▶ [Source information]
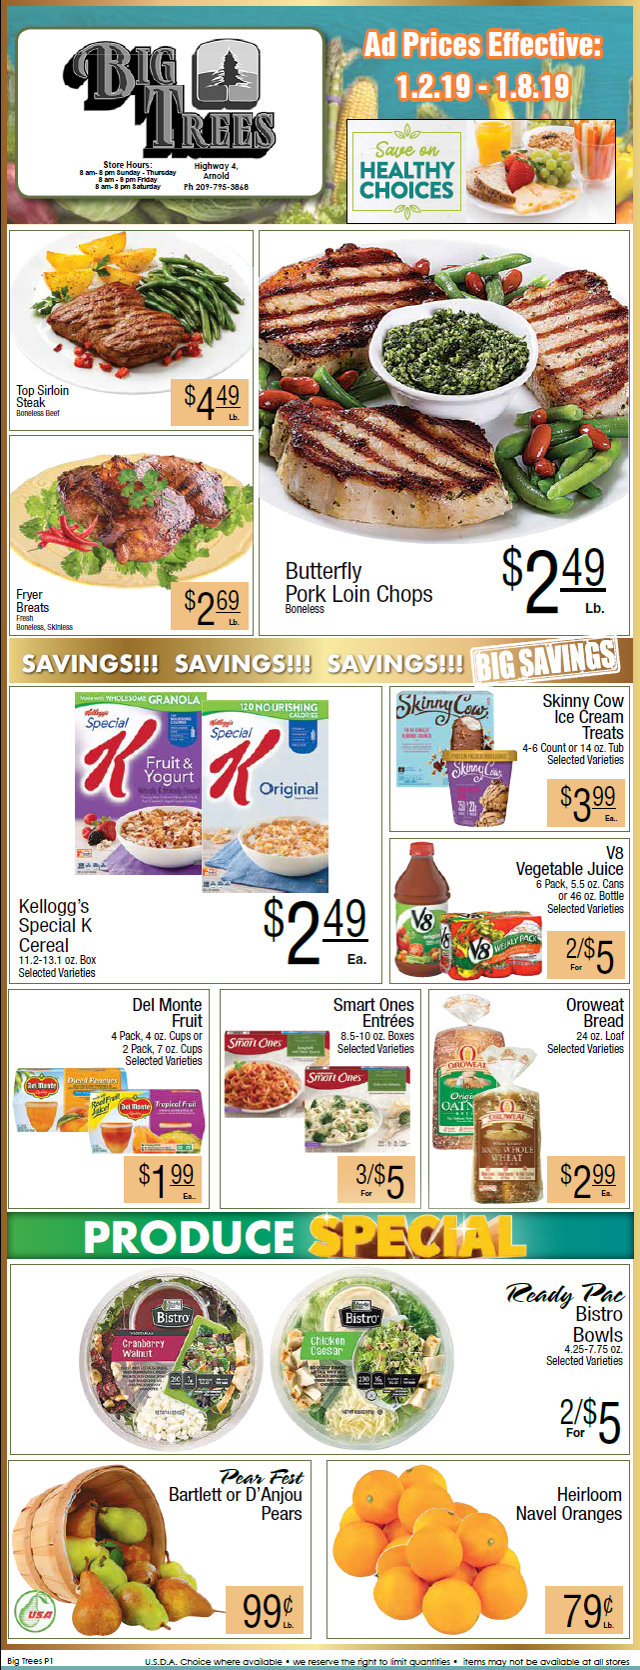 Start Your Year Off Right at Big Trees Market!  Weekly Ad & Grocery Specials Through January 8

--

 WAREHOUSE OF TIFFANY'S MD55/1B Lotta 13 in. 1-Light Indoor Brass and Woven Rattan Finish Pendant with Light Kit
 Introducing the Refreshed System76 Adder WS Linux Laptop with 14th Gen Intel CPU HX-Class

* * *

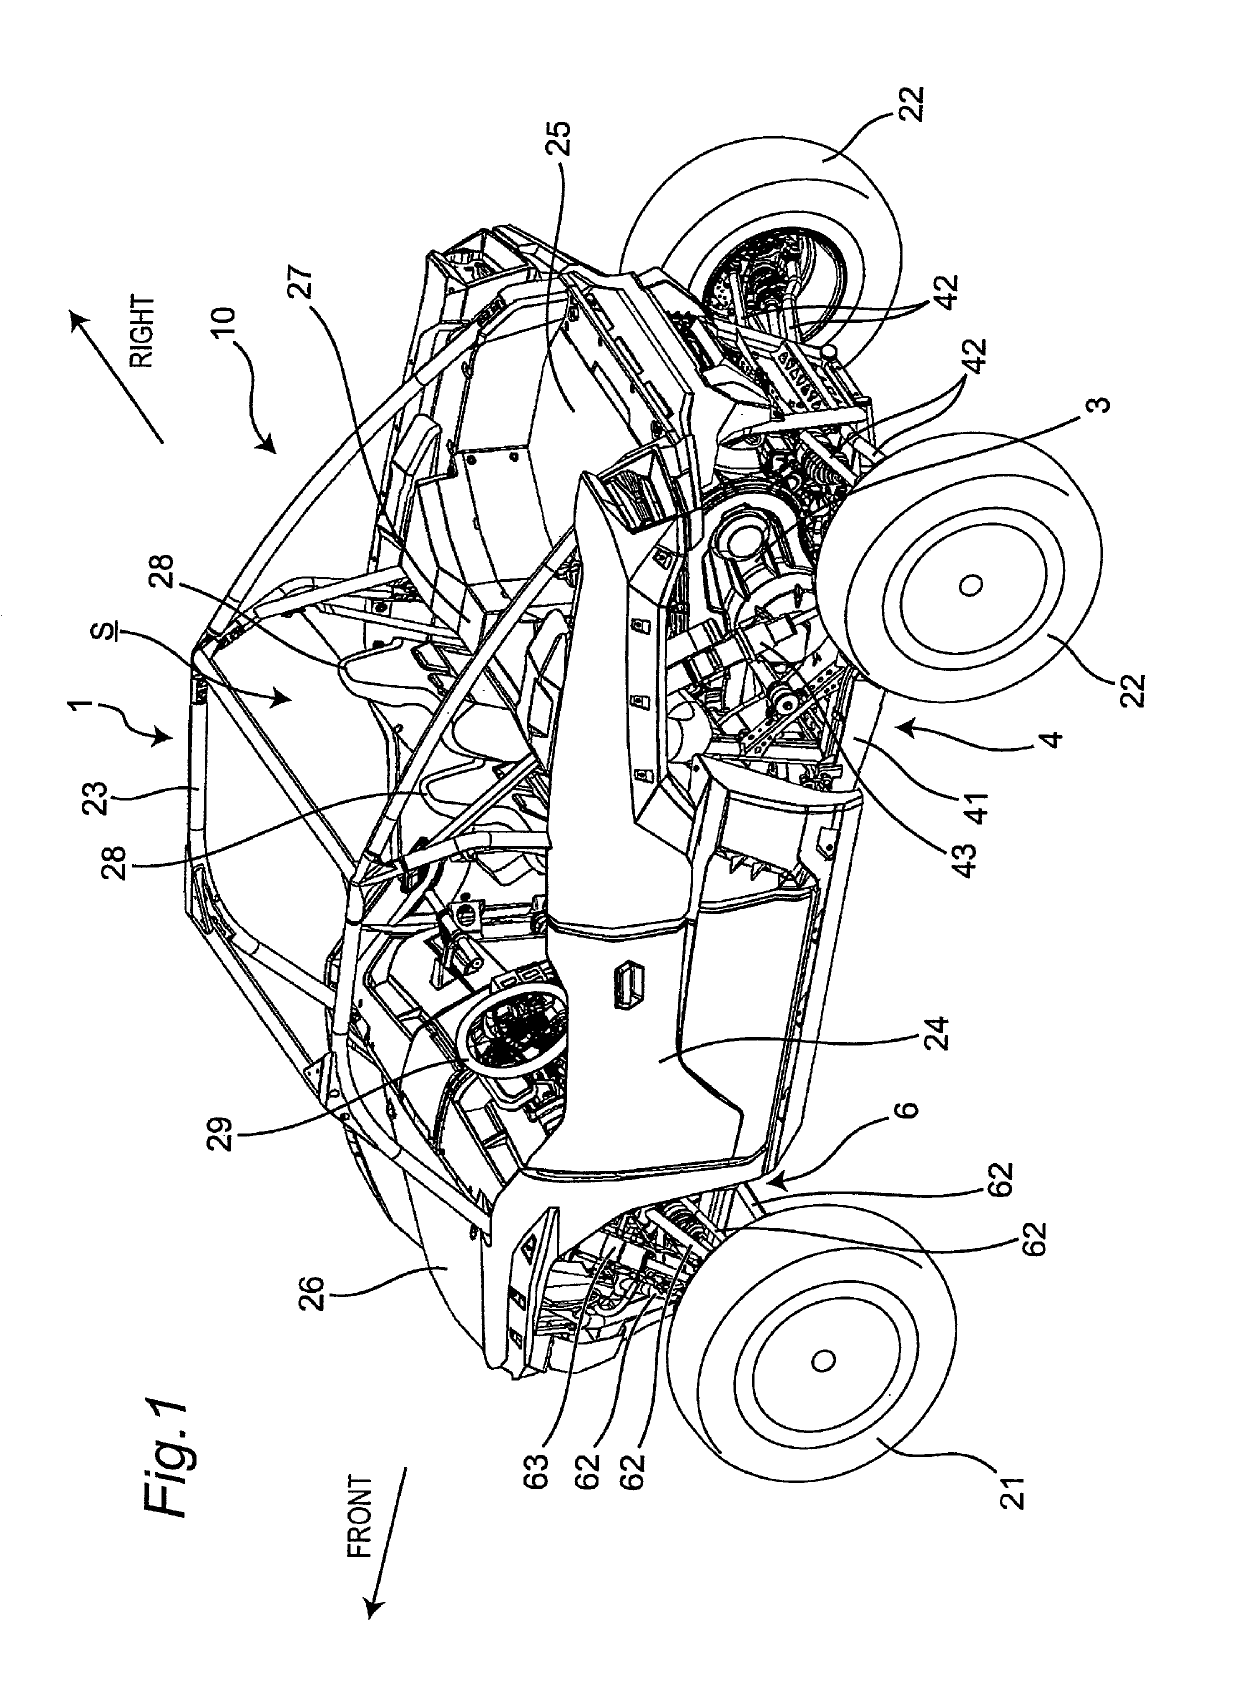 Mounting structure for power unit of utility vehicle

▶ [Exercise goal] An exact copy of the lines above, from the one containing "WAREHOUSE OF TIFFANY'S" through the one containing "Introducing the Refreshed", is the whole of the answer.

▶ [Task solution]
 WAREHOUSE OF TIFFANY'S MD55/1B Lotta 13 in. 1-Light Indoor Brass and Woven Rattan Finish Pendant with Light Kit
 Introducing the Refreshed System76 Adder WS Linux Laptop with 14th Gen Intel CPU HX-Class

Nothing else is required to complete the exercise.